Your goal> Nothing but an exact copy of the records is expected here.

(Recorded information Opens)

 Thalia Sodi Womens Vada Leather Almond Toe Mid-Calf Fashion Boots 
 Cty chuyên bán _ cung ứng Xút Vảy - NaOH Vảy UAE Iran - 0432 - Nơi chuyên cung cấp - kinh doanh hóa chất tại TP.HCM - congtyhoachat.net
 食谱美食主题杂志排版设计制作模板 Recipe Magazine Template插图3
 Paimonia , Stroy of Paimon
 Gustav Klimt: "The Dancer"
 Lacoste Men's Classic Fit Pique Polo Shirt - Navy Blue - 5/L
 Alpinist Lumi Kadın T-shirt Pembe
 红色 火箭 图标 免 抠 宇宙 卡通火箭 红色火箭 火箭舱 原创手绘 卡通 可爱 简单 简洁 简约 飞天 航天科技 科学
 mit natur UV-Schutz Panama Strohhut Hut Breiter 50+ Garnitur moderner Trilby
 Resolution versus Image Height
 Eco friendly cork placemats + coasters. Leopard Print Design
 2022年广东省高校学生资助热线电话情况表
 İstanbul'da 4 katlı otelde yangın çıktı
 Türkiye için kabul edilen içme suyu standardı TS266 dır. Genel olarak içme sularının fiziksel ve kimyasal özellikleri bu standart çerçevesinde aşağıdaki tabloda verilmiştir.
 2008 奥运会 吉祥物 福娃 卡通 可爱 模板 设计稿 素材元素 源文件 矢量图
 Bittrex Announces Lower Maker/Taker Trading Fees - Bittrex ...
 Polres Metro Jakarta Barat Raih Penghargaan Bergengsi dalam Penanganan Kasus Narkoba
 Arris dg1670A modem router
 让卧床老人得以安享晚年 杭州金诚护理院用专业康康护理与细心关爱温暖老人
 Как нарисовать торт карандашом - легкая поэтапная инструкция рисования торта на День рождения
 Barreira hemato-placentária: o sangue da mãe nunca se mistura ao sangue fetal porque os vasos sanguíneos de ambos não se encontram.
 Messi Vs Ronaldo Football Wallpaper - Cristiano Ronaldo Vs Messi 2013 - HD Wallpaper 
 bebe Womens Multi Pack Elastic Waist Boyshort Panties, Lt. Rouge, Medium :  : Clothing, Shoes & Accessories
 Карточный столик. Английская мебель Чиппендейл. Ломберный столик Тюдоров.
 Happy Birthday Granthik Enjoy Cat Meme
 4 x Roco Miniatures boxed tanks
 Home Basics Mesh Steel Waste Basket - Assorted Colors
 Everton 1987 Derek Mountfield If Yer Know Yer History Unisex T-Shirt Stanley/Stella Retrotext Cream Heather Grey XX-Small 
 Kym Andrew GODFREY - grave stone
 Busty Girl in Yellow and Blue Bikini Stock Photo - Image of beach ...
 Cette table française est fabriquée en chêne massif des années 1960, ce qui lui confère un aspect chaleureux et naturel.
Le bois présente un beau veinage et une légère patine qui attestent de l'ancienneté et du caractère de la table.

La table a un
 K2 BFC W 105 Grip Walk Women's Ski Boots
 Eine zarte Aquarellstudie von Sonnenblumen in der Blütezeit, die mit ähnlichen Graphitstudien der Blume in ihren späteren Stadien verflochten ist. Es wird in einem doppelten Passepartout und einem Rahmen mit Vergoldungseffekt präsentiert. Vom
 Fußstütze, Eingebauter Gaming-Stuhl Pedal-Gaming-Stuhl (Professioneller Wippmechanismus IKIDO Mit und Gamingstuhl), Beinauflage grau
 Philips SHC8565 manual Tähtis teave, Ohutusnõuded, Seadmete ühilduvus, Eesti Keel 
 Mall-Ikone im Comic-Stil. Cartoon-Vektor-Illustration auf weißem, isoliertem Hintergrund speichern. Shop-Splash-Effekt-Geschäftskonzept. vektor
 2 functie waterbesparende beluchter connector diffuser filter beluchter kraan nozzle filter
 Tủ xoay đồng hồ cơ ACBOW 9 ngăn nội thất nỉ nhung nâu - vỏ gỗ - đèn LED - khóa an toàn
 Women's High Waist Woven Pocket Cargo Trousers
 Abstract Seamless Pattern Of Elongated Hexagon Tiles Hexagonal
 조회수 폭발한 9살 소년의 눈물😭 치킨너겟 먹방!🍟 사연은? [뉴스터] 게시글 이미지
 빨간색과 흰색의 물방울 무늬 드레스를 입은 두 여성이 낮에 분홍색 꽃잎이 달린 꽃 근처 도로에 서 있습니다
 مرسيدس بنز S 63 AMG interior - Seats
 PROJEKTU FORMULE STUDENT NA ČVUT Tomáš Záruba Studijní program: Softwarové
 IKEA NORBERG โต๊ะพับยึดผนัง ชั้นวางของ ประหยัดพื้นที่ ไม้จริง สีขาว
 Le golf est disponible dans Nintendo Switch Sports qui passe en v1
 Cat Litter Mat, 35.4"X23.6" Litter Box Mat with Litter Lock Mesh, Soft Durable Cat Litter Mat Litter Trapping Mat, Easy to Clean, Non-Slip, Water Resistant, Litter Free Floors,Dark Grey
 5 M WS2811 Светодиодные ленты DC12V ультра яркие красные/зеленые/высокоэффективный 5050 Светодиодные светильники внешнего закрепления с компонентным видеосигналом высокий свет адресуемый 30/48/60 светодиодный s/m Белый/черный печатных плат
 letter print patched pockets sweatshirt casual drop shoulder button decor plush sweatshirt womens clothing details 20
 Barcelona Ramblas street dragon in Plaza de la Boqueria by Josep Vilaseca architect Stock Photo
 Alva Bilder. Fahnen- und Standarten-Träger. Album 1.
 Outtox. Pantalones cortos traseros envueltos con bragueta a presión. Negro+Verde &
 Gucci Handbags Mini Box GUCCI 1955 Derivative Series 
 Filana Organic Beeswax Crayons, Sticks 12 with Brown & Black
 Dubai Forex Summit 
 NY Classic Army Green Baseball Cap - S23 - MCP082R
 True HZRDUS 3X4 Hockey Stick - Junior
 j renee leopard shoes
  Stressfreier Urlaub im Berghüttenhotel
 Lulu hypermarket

(Recorded information Closes)

Solution below>
 Thalia Sodi Womens Vada Leather Almond Toe Mid-Calf Fashion Boots 
 Cty chuyên bán _ cung ứng Xút Vảy - NaOH Vảy UAE Iran - 0432 - Nơi chuyên cung cấp - kinh doanh hóa chất tại TP.HCM - congtyhoachat.net
 食谱美食主题杂志排版设计制作模板 Recipe Magazine Template插图3
 Paimonia , Stroy of Paimon
 Gustav Klimt: "The Dancer"
 Lacoste Men's Classic Fit Pique Polo Shirt - Navy Blue - 5/L
 Alpinist Lumi Kadın T-shirt Pembe
 红色 火箭 图标 免 抠 宇宙 卡通火箭 红色火箭 火箭舱 原创手绘 卡通 可爱 简单 简洁 简约 飞天 航天科技 科学
 mit natur UV-Schutz Panama Strohhut Hut Breiter 50+ Garnitur moderner Trilby
 Resolution versus Image Height
 Eco friendly cork placemats + coasters. Leopard Print Design
 2022年广东省高校学生资助热线电话情况表
 İstanbul'da 4 katlı otelde yangın çıktı
 Türkiye için kabul edilen içme suyu standardı TS266 dır. Genel olarak içme sularının fiziksel ve kimyasal özellikleri bu standart çerçevesinde aşağıdaki tabloda verilmiştir.
 2008 奥运会 吉祥物 福娃 卡通 可爱 模板 设计稿 素材元素 源文件 矢量图
 Bittrex Announces Lower Maker/Taker Trading Fees - Bittrex ...
 Polres Metro Jakarta Barat Raih Penghargaan Bergengsi dalam Penanganan Kasus Narkoba
 Arris dg1670A modem router
 让卧床老人得以安享晚年 杭州金诚护理院用专业康康护理与细心关爱温暖老人
 Как нарисовать торт карандашом - легкая поэтапная инструкция рисования торта на День рождения
 Barreira hemato-placentária: o sangue da mãe nunca se mistura ao sangue fetal porque os vasos sanguíneos de ambos não se encontram.
 Messi Vs Ronaldo Football Wallpaper - Cristiano Ronaldo Vs Messi 2013 - HD Wallpaper 
 bebe Womens Multi Pack Elastic Waist Boyshort Panties, Lt. Rouge, Medium :  : Clothing, Shoes & Accessories
 Карточный столик. Английская мебель Чиппендейл. Ломберный столик Тюдоров.
 Happy Birthday Granthik Enjoy Cat Meme
 4 x Roco Miniatures boxed tanks
 Home Basics Mesh Steel Waste Basket - Assorted Colors
 Everton 1987 Derek Mountfield If Yer Know Yer History Unisex T-Shirt Stanley/Stella Retrotext Cream Heather Grey XX-Small 
 Kym Andrew GODFREY - grave stone
 Busty Girl in Yellow and Blue Bikini Stock Photo - Image of beach ...
 Cette table française est fabriquée en chêne massif des années 1960, ce qui lui confère un aspect chaleureux et naturel.
Le bois présente un beau veinage et une légère patine qui attestent de l'ancienneté et du caractère de la table.

La table a un
 K2 BFC W 105 Grip Walk Women's Ski Boots
 Eine zarte Aquarellstudie von Sonnenblumen in der Blütezeit, die mit ähnlichen Graphitstudien der Blume in ihren späteren Stadien verflochten ist. Es wird in einem doppelten Passepartout und einem Rahmen mit Vergoldungseffekt präsentiert. Vom
 Fußstütze, Eingebauter Gaming-Stuhl Pedal-Gaming-Stuhl (Professioneller Wippmechanismus IKIDO Mit und Gamingstuhl), Beinauflage grau
 Philips SHC8565 manual Tähtis teave, Ohutusnõuded, Seadmete ühilduvus, Eesti Keel 
 Mall-Ikone im Comic-Stil. Cartoon-Vektor-Illustration auf weißem, isoliertem Hintergrund speichern. Shop-Splash-Effekt-Geschäftskonzept. vektor
 2 functie waterbesparende beluchter connector diffuser filter beluchter kraan nozzle filter
 Tủ xoay đồng hồ cơ ACBOW 9 ngăn nội thất nỉ nhung nâu - vỏ gỗ - đèn LED - khóa an toàn
 Women's High Waist Woven Pocket Cargo Trousers
 Abstract Seamless Pattern Of Elongated Hexagon Tiles Hexagonal
 조회수 폭발한 9살 소년의 눈물😭 치킨너겟 먹방!🍟 사연은? [뉴스터] 게시글 이미지
 빨간색과 흰색의 물방울 무늬 드레스를 입은 두 여성이 낮에 분홍색 꽃잎이 달린 꽃 근처 도로에 서 있습니다
 مرسيدس بنز S 63 AMG interior - Seats
 PROJEKTU FORMULE STUDENT NA ČVUT Tomáš Záruba Studijní program: Softwarové
 IKEA NORBERG โต๊ะพับยึดผนัง ชั้นวางของ ประหยัดพื้นที่ ไม้จริง สีขาว
 Le golf est disponible dans Nintendo Switch Sports qui passe en v1
 Cat Litter Mat, 35.4"X23.6" Litter Box Mat with Litter Lock Mesh, Soft Durable Cat Litter Mat Litter Trapping Mat, Easy to Clean, Non-Slip, Water Resistant, Litter Free Floors,Dark Grey
 5 M WS2811 Светодиодные ленты DC12V ультра яркие красные/зеленые/высокоэффективный 5050 Светодиодные светильники внешнего закрепления с компонентным видеосигналом высокий свет адресуемый 30/48/60 светодиодный s/m Белый/черный печатных плат
 letter print patched pockets sweatshirt casual drop shoulder button decor plush sweatshirt womens clothing details 20
 Barcelona Ramblas street dragon in Plaza de la Boqueria by Josep Vilaseca architect Stock Photo
 Alva Bilder. Fahnen- und Standarten-Träger. Album 1.
 Outtox. Pantalones cortos traseros envueltos con bragueta a presión. Negro+Verde &
 Gucci Handbags Mini Box GUCCI 1955 Derivative Series 
 Filana Organic Beeswax Crayons, Sticks 12 with Brown & Black
 Dubai Forex Summit 
 NY Classic Army Green Baseball Cap - S23 - MCP082R
 True HZRDUS 3X4 Hockey Stick - Junior
 j renee leopard shoes
  Stressfreier Urlaub im Berghüttenhotel
 Lulu hypermarket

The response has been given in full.